We used bomb calorimetry to determine the energetic value of stomach contents. Each sample (three per nestling, representing days 8, 10, and 12) was filtered individually using a 20 µm filter and left to air dry overnight. The filters were weighed before and after use to obtain the dry mass of samples. Since our samples had very low mass (mean ± SD average sample mass = 2.90 ± 3.70 mg), we had to pool samples from a brood for each day of stomach flushing to obtain precise measurements (samples have to be over 2 mg for the equipment to work properly). This resulted in three samples per brood (days 8, 10, and 12). Those samples (10.07 ± 10.68 mg) were then each combined with a known amount of benzoic acid (a standard of known calorific value) to create pellets, which were then burned in a micro bomb calorimeter (1109A vessel with the 6725 semi-micro oxygen bomb from Parr Instrument Company, Moline, Illinois, USA) to obtain their energy content in joules mg−1. We then subtracted the amount of energy released by the benzoic acid standard to obtain that of the original samples.
Statistical analyses
In this study, we pooled the species data to avoid duplication of results because nestling mass and growth rate patterns, as well as parental provisioning rate and stomach content (quality and dry mass), did not differ significantly between the two species (see Supplementary material for more information). This was first confirmed by running models including species as a fixed parameter. However, as this variable was never significant, we removed it from models and presented here results using pooled data.

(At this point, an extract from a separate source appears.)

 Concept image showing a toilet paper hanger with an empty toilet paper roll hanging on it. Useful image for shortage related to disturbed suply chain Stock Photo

All analyses were performed in R Studio (3.6.1). We ran linear mixed-effects models, using the package “lme4”30, or multiple regression using the package “lmtest”31. Results (ANOVA tables) were obtained using “lmerTest”32 for each model separately and are presented for full models. For pairwise comparisons of means, we used the “emmeans” package33 to compute Tukey’s honestly significant difference (HSD). All presented data are shown as means ± standard deviation unless otherwise stated.

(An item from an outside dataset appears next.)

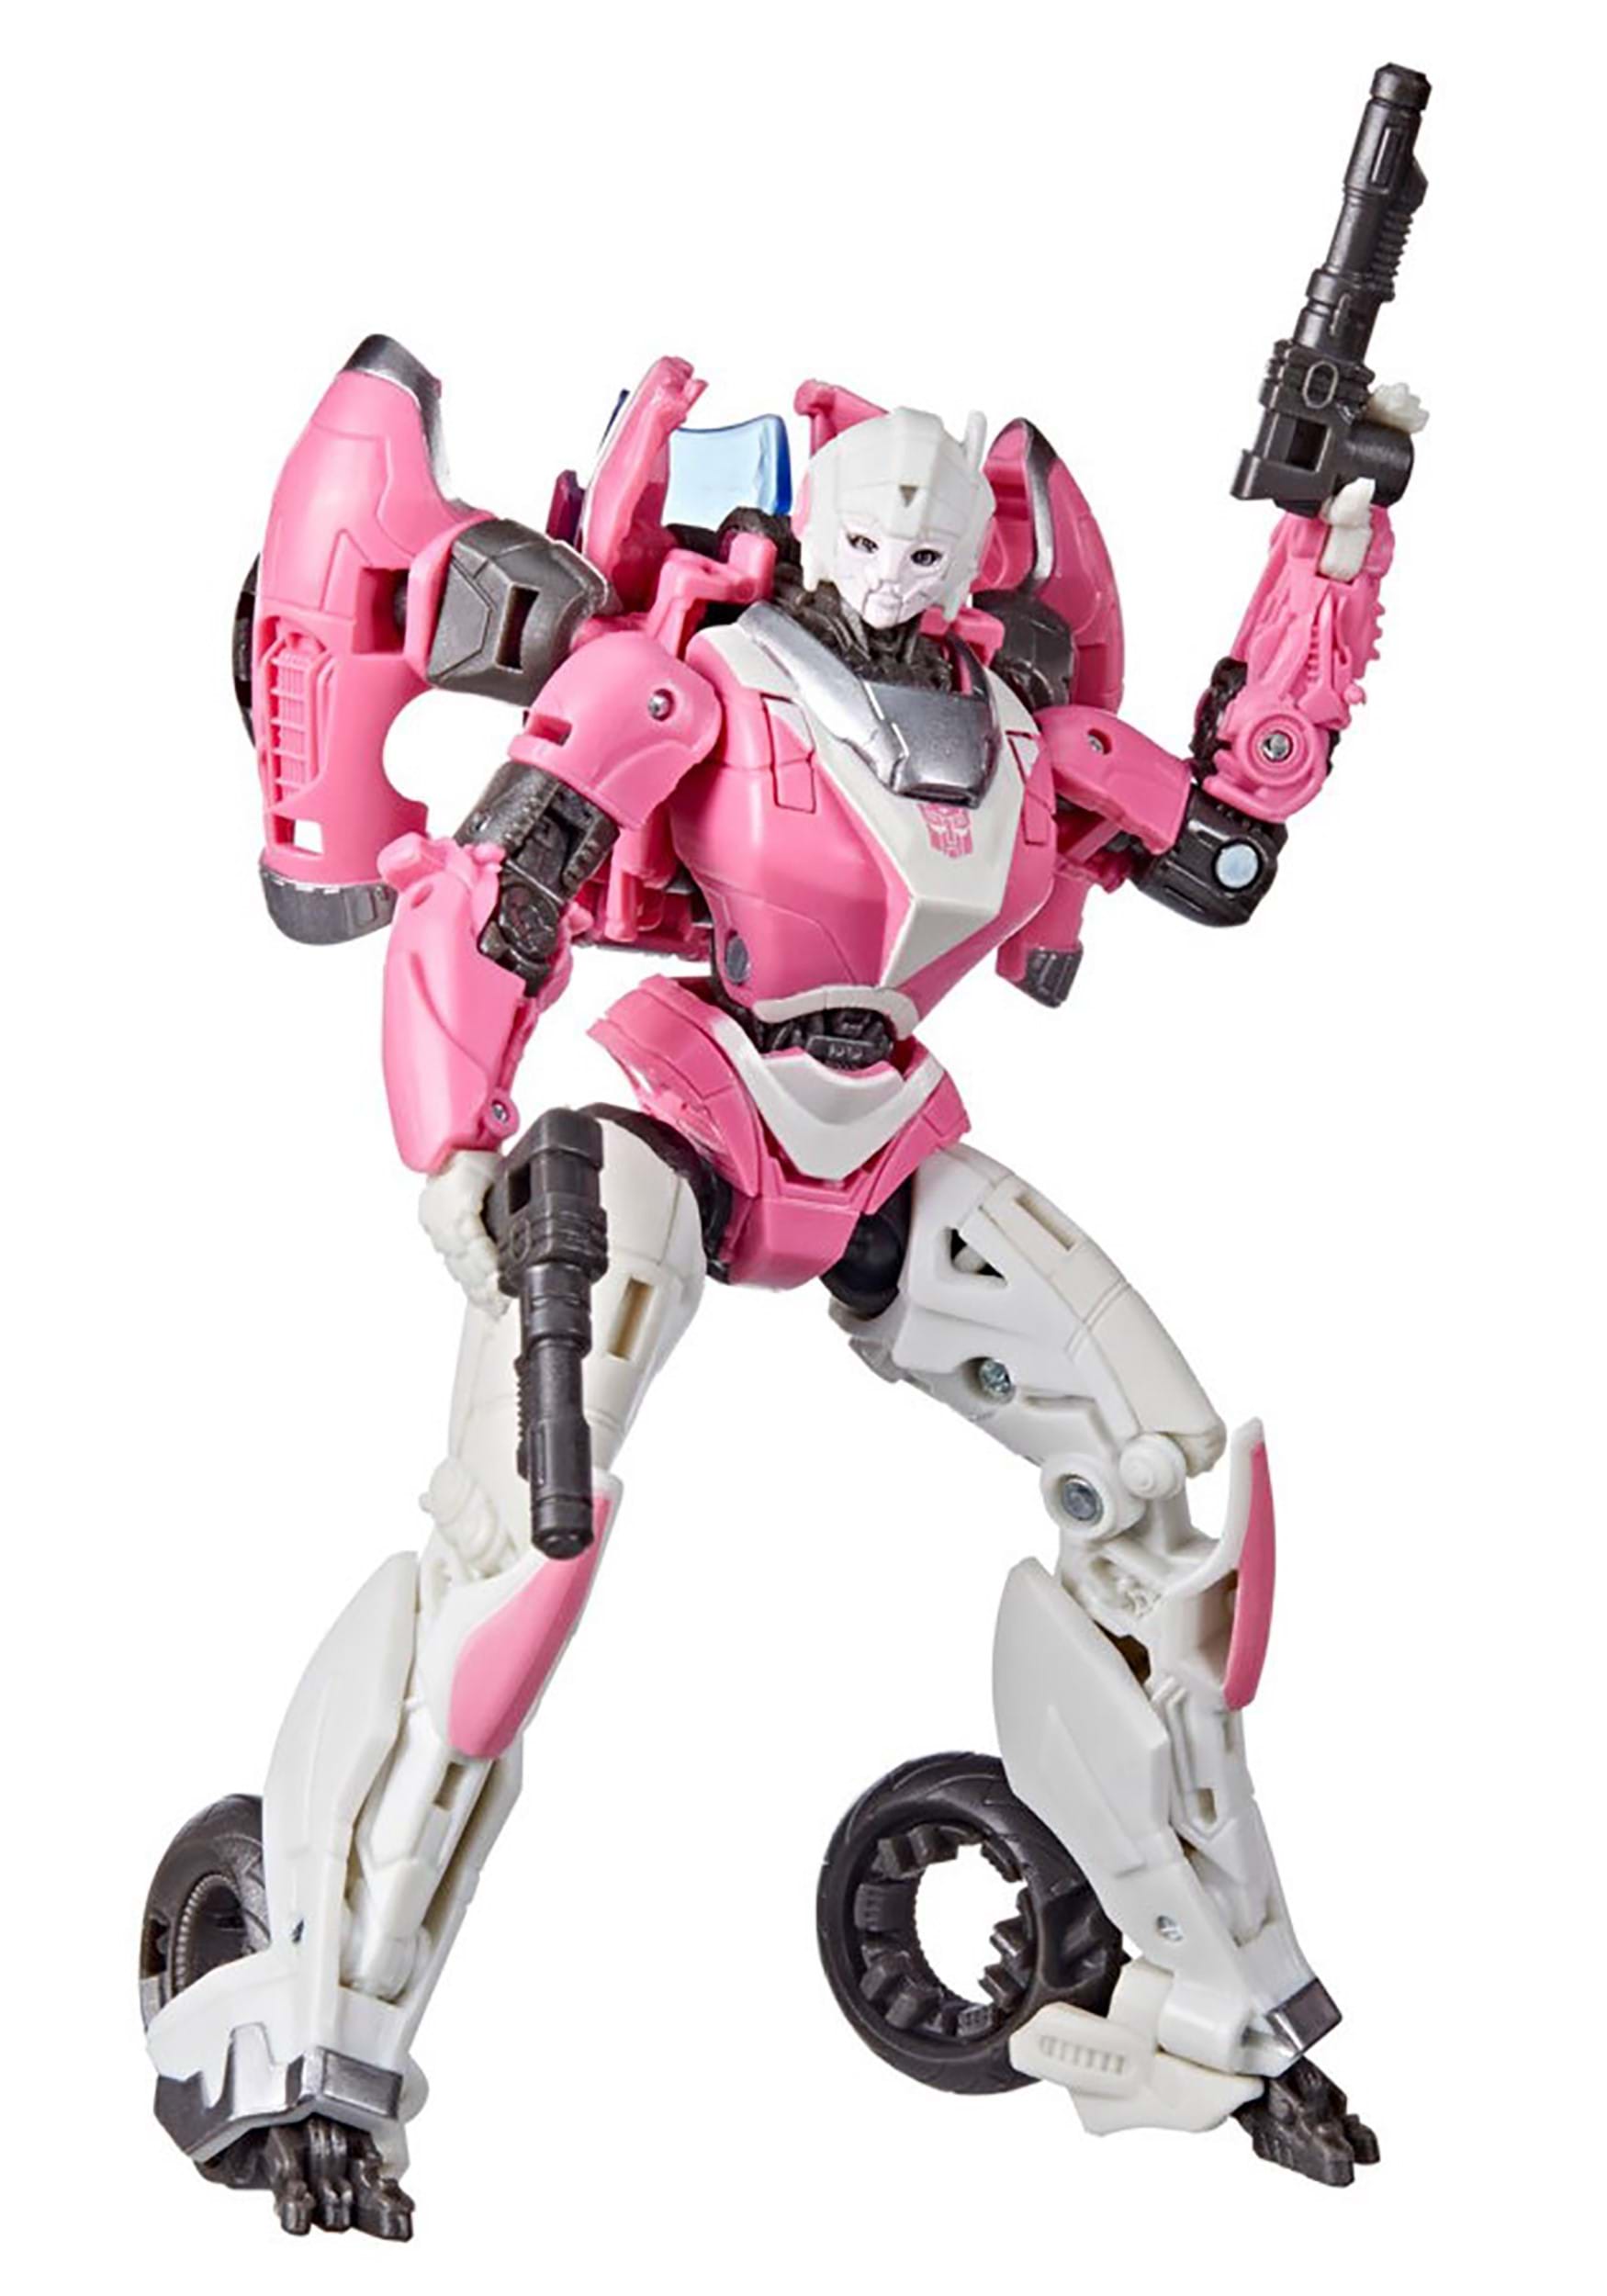 Arcee Deluxe Class | Transformers Prime Robots in Disguise

Interannual variation in growth rate, provisioning rate and prey quality
We began our analyses by comparing nestlings’ growth rate (g day−1 averaged for all nestlings of a pair for each day between days 2 and 15 of the nestling period), parental provisioning rate (visits day−1 pair−1 averaged for days 14–20), prey quality (J mg−1 per brood), and dry mass of stomach samples (quantity of prey matter per brood, mg) among years as follow.
Nestling growth rates were measured over eight breeding seasons (2011–2019, excluding 2016, where a separate investigation including brood manipulation took place, see21). We modelled yearly variation in nestling’s growth rate by fitting a linear mixed-effects model with year, age of nestlings (from 1 to 14) and brood size (from 1 to 8) as categorical fixed effects, and pair identity (a unique identifier for each brood) as a random factor. We used data from 858 nestlings from 173 broods (98 of black-capped chickadees, 75 of boreal chickadees) for this analysis. We then used pairwise comparisons of means (Tukey’s HSD) to test whether nestling growth rates differed among years.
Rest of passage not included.